At this point, you should have an approximate Dask pool spec and number of workers.

Add-on step: Setup automatic retry if in pipeline mode. Sometimes pipelines error out when spinning up nodes, or HTTP error, canceled error. These can be fixed by retrying.

Worker freeze policies

Below are the defaults for worker memory limits and actions to avoid memory blowup.

distributed:
worker:
memory:
target: 0.60 # target fraction to stay below
spill: 0.70 # fraction at which we spill to disk
pause: 0.80 # fraction at which we pause worker threads
terminate: 0.95 # fraction at which we terminate the worker

Examples

Pandas to Dask.dataframe

Below are some common examples of converting pandas operations to dask-friendly code.

Column to_datetime

# pandas to_datetime
import pandas as pd
df1['date'] = pd.to_datetime(df1['date'])

# dask to_datetime
from dask import dataframe as dd
df1['date'] = dd.to_datetime(df1['date'])

Dataframe groupby

# pandas groupby
df_metrics = df_metrics.groupby(pd.Grouper(timeframe='1day',
closed='right',label='right')
).agg({'id':pd.Series.nunique,
'num_entries':'sum',
'total_runs':'sum')
# dask is exactly the same 
df_metrics = df_metrics.groupby(pd.Grouper(timeframe='1day',
closed='right',label='right')
).agg({'id':pd.Series.nunique,
'num_entries':'sum',
'total_runs':'sum')

Get dummies

The following example features a more complicated groupby; get_dummies will explode in dimension with large amount of data (i.e. possibly explode the data into many columns)

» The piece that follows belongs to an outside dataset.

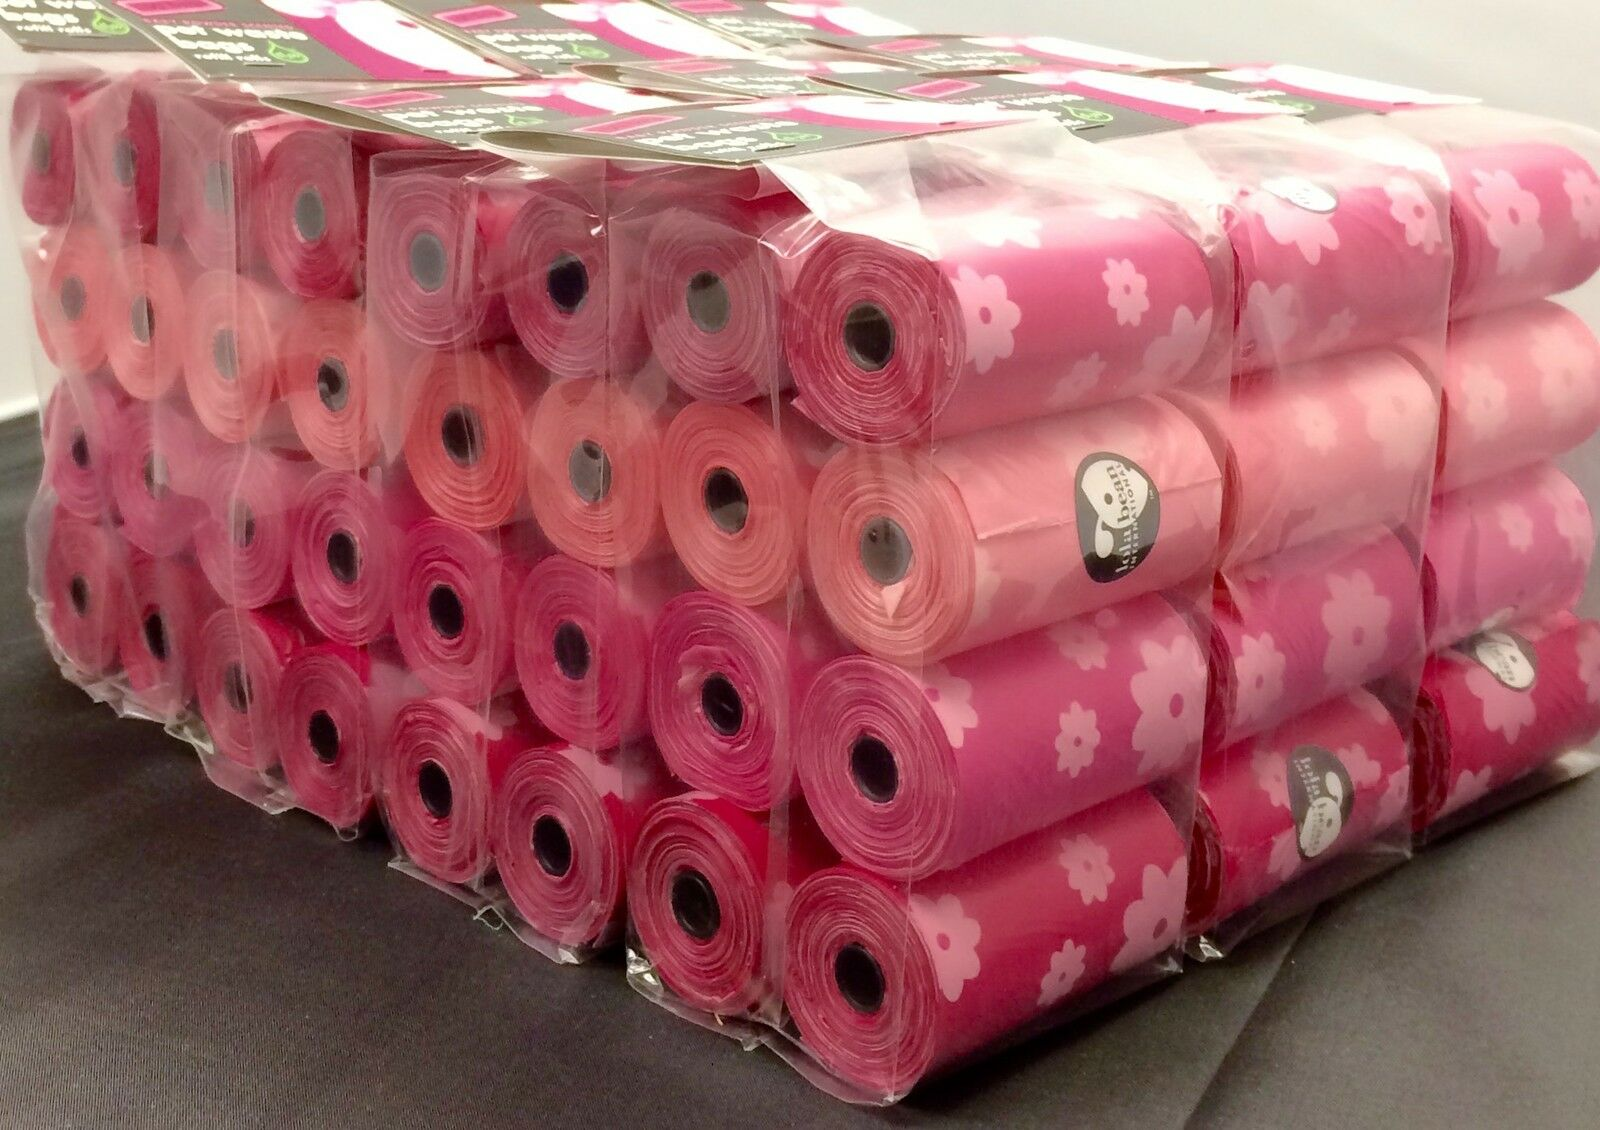 BULK rosa Dog Pet Puppy Poop Waste Pick Up Bags - Refills Rolls 1,920 BAGS

# pandas version do dummies first then groupby time interval to get aggrgation per time interval
dfr= pd.get_dummies(df,['col_a','col_b','col_c'])
dfr = dfr.merge(df['date'],right_index=True,left_index=True)
dfr = dfr.sort_values(by='date')
dfr = dfr.groupby(pd.Grouper(timeframe='1day',closed='right',label='right')).sum()
# dask version do value counts instead of getting dummies, and do pivot after groupby
def agg_func(df: pd.DataFrame, timeframe: str, ts_col: str, sec_id: str, target_col:str) -> pd.DataFrame:
"""
function that group data by required timeframe for one target column
df: dataframe to be aggregated
timeframe: aggregation timeframe
ts_col: column name of the index
sec_id: column name of a secondary id
target_col: target column name for processing e.g. col_a
"""
df = df.groupby([sec_id, ts_col,target_col]).size().reset_index().set_index(ts_col)
df.columns = [sec_id, target_col,'count']
df_agg = df.groupby(pd.Grouper(timeframe=timeframe, closed='right', label='right')).apply(
lambda x: x.groupby(target_col).agg({'count': 'sum'})).reset_index()
return df_agg


meta_df = agg_func(df.head(10), timeframe, ts_col, sec_id, target_col).dtypes.to_dict()
df = df.map_partitions(agg_func, timeframe, ts_col, sec_id, target_col, meta = meta_df)
df.columns = [ts_col, target_col, 'count']

# further groupby session_ts and event as there will be duplicates among partition
df = df.groupby([ts_col, target_col]).agg({'count': 'sum'})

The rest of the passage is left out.